[Start of section]

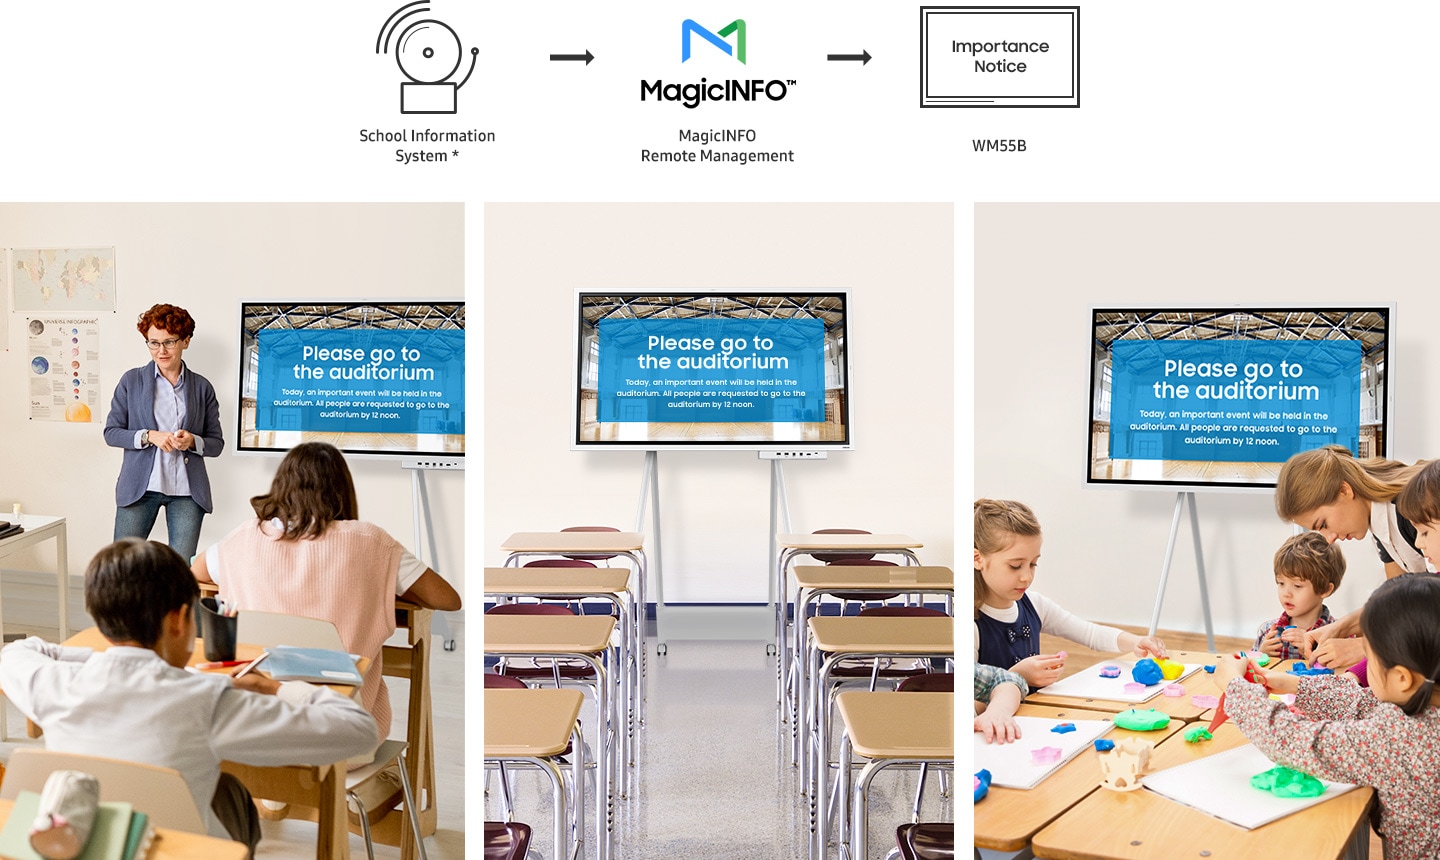 The School information system* is simultaneously displaying the Importance notice on Flip Pro installed in different classrooms through Magicinfo remote management.
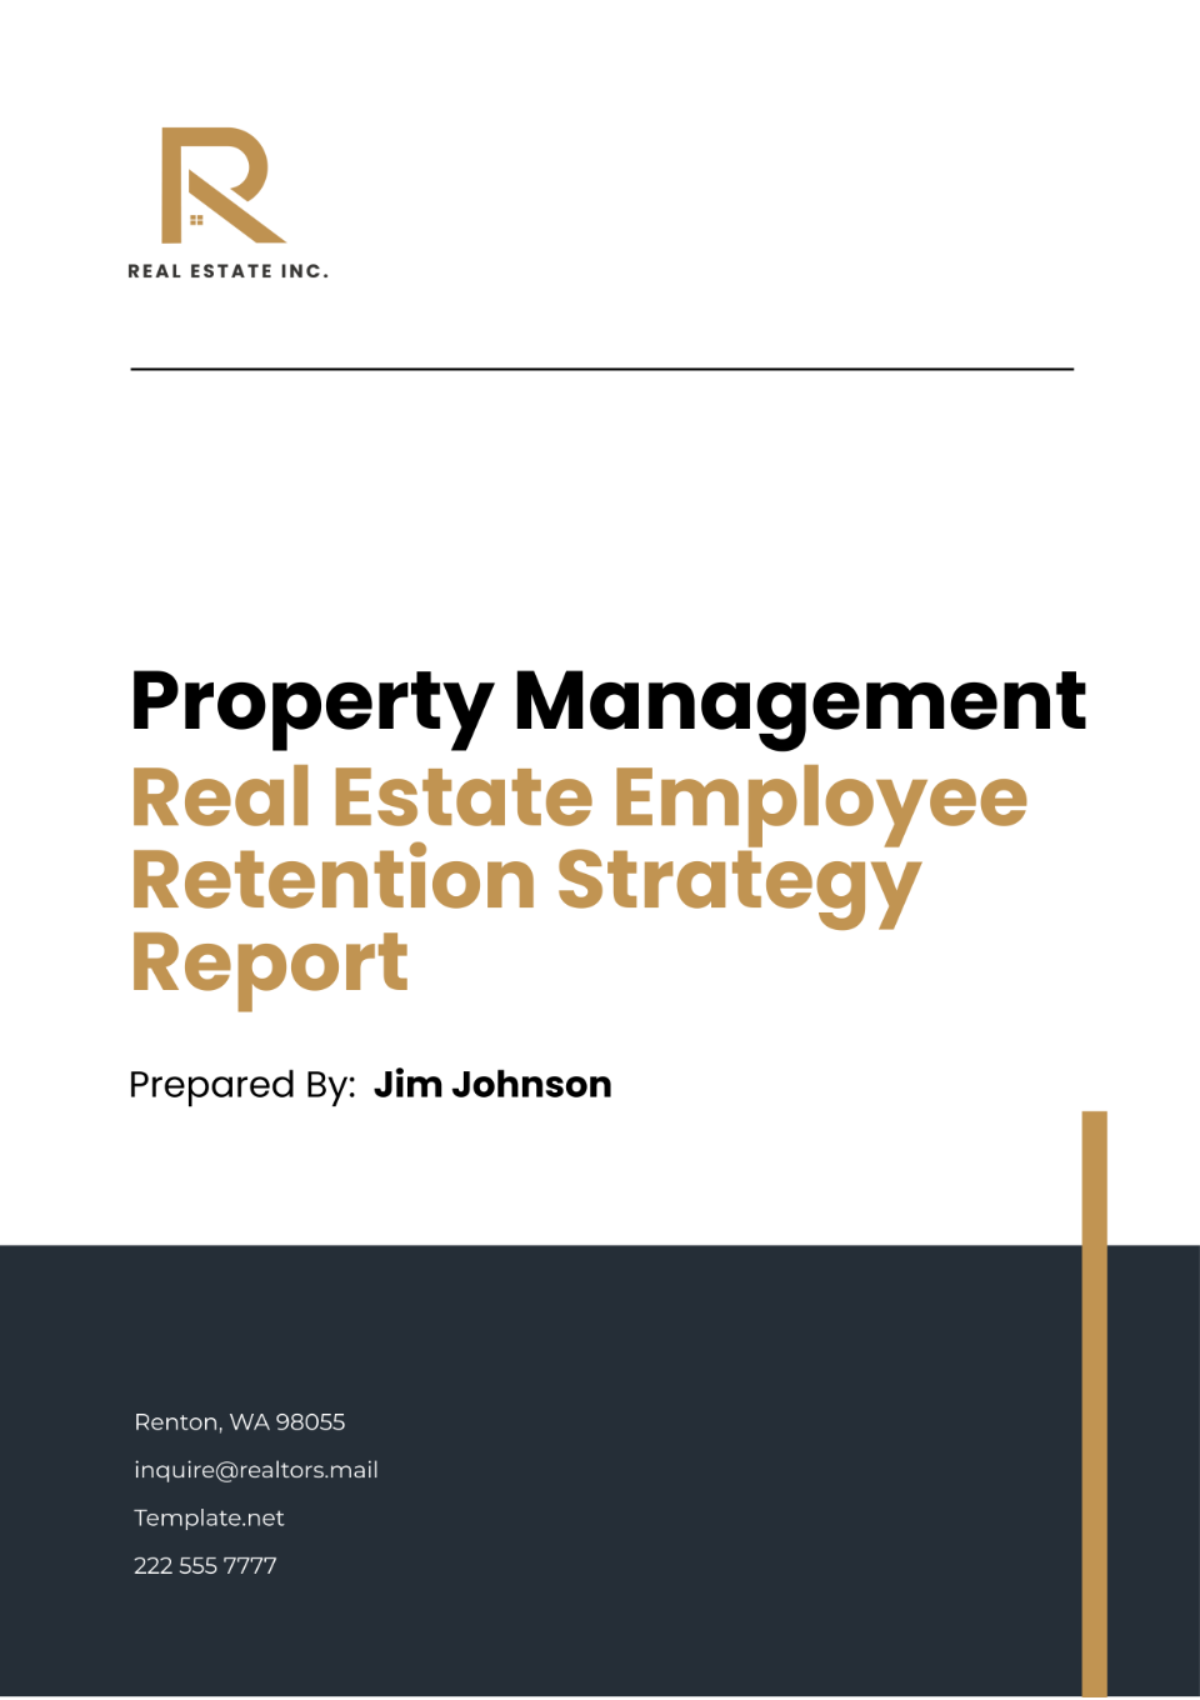 Real Estate Employee Retention Strategy Report Template
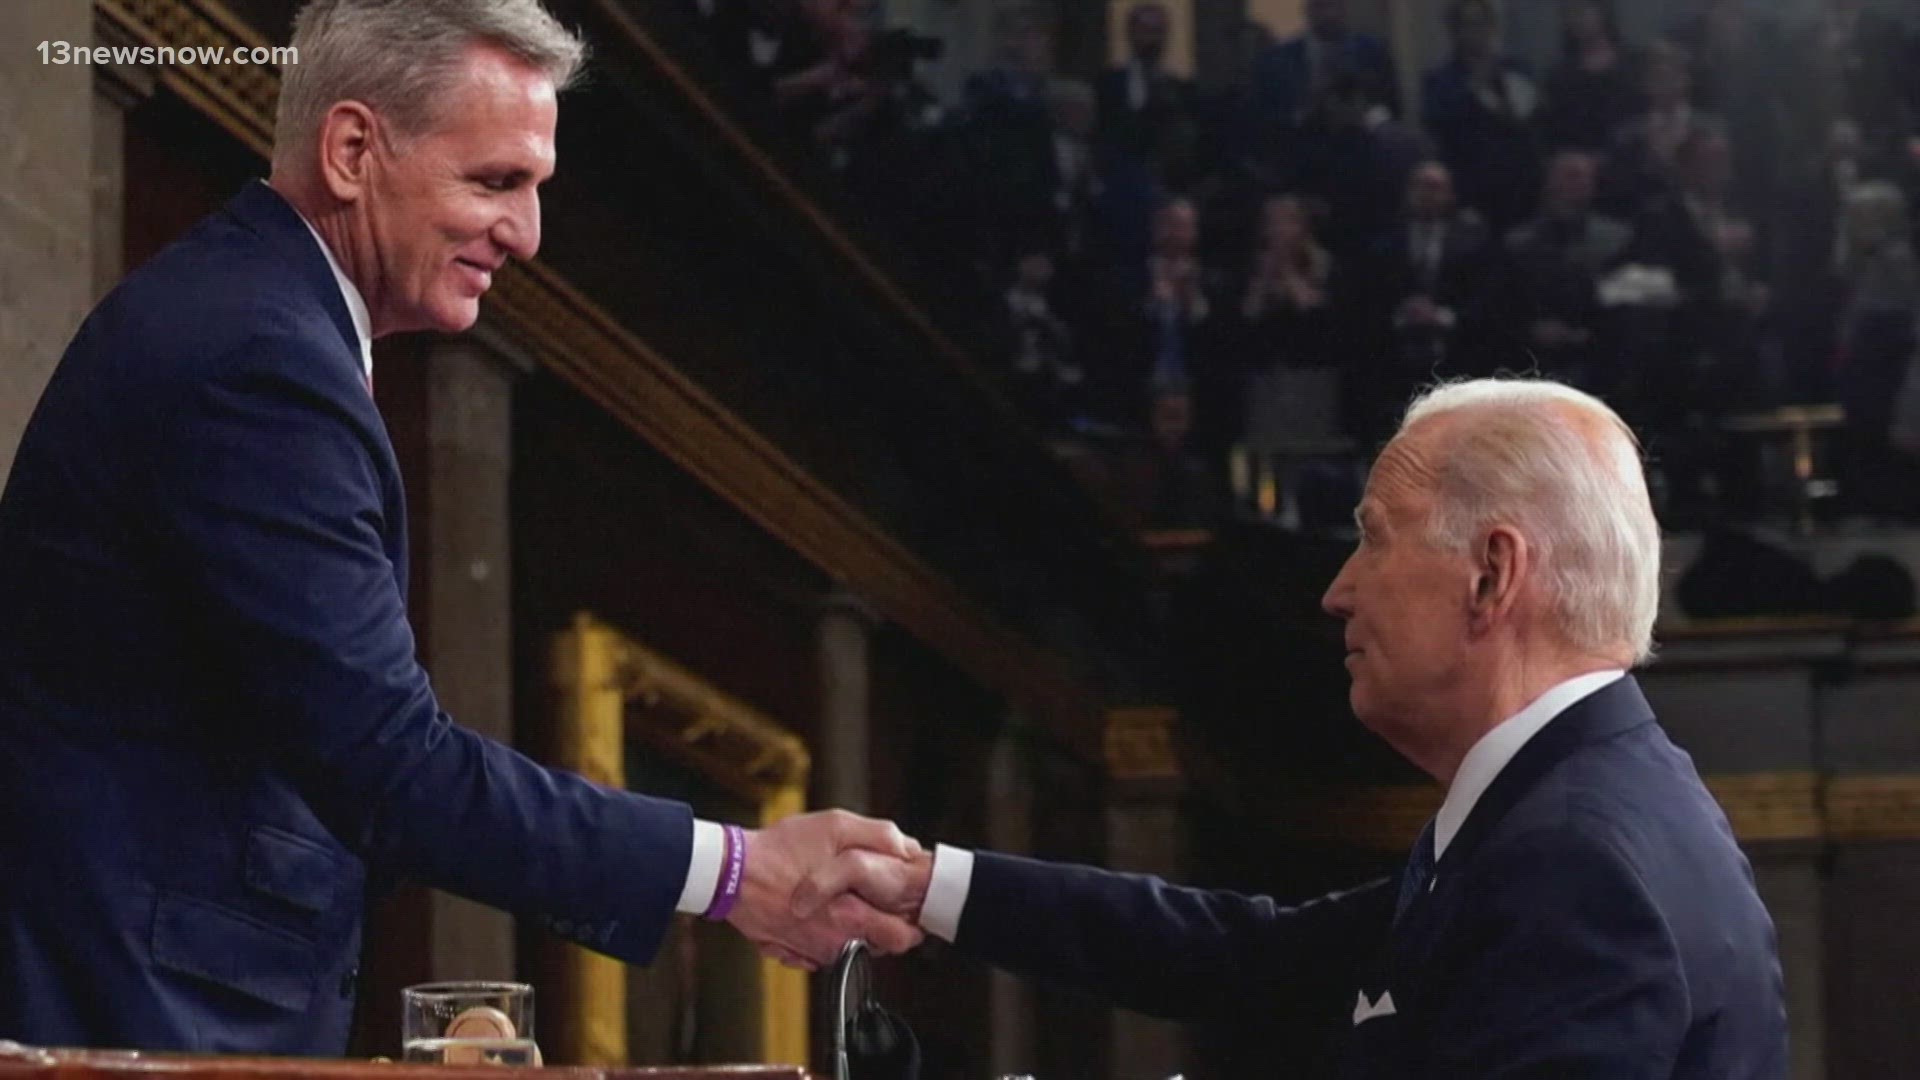 The House of Representatives has approved President Joe Biden and House Speaker Kevin McCarthy's debt deal with overwhelming bipartisan support.
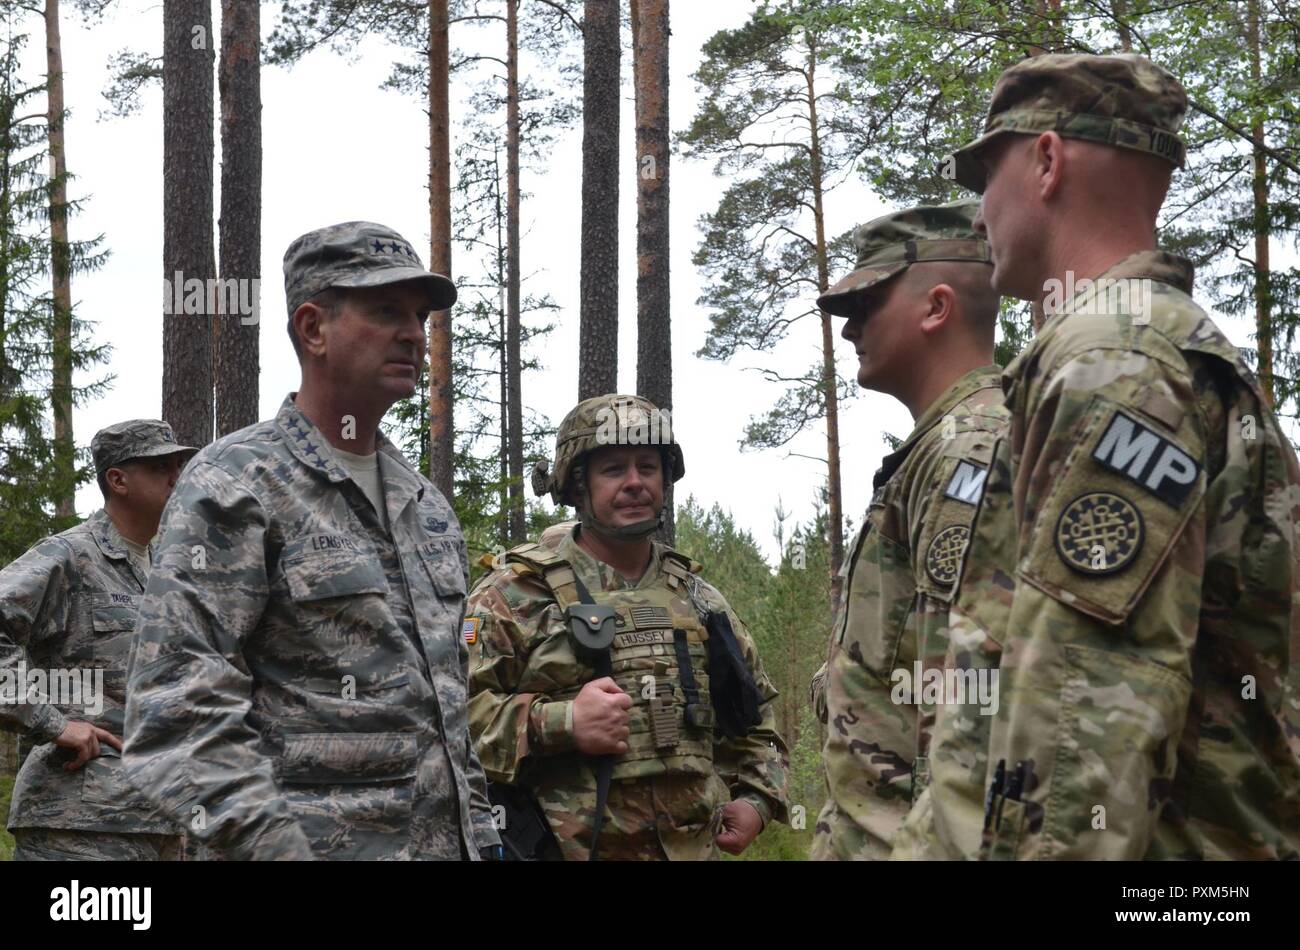 ADAZI MILITARY BASE, Latvia — U.S. Air Force Gen. Joseph L. Lengyel, Chief of the National Guard Bureau and member of the Joint Chiefs of Staff, meets with members of the 1775th Military Police Company, 210th Military Police Battalion, 177th Military Police Brigade, Michigan Army National Guard; and 3rd Battalion, 157th Field Artillery Regiment, 169th Fires Brigade, Colorado Army National Guard.  The units are in the Baltics for Exercise Saber Strike, a U.S. Army Europe led exercise in the Baltic region. The exercise tests the capability of multiple nations to act against a threat. Stock Photo

[End of section]

TASK ITEM:
Retype the data exactly as it stands, but keep the images out of your copy.

RESPONSE TO THE TASK:
 The School information system* is simultaneously displaying the Importance notice on Flip Pro installed in different classrooms through Magicinfo remote management.
 Real Estate Employee Retention Strategy Report Template
 The House of Representatives has approved President Joe Biden and House Speaker Kevin McCarthy's debt deal with overwhelming bipartisan support.
 ADAZI MILITARY BASE, Latvia — U.S. Air Force Gen. Joseph L. Lengyel, Chief of the National Guard Bureau and member of the Joint Chiefs of Staff, meets with members of the 1775th Military Police Company, 210th Military Police Battalion, 177th Military Police Brigade, Michigan Army National Guard; and 3rd Battalion, 157th Field Artillery Regiment, 169th Fires Brigade, Colorado Army National Guard.  The units are in the Baltics for Exercise Saber Strike, a U.S. Army Europe led exercise in the Baltic region. The exercise tests the capability of multiple nations to act against a threat. Stock Photo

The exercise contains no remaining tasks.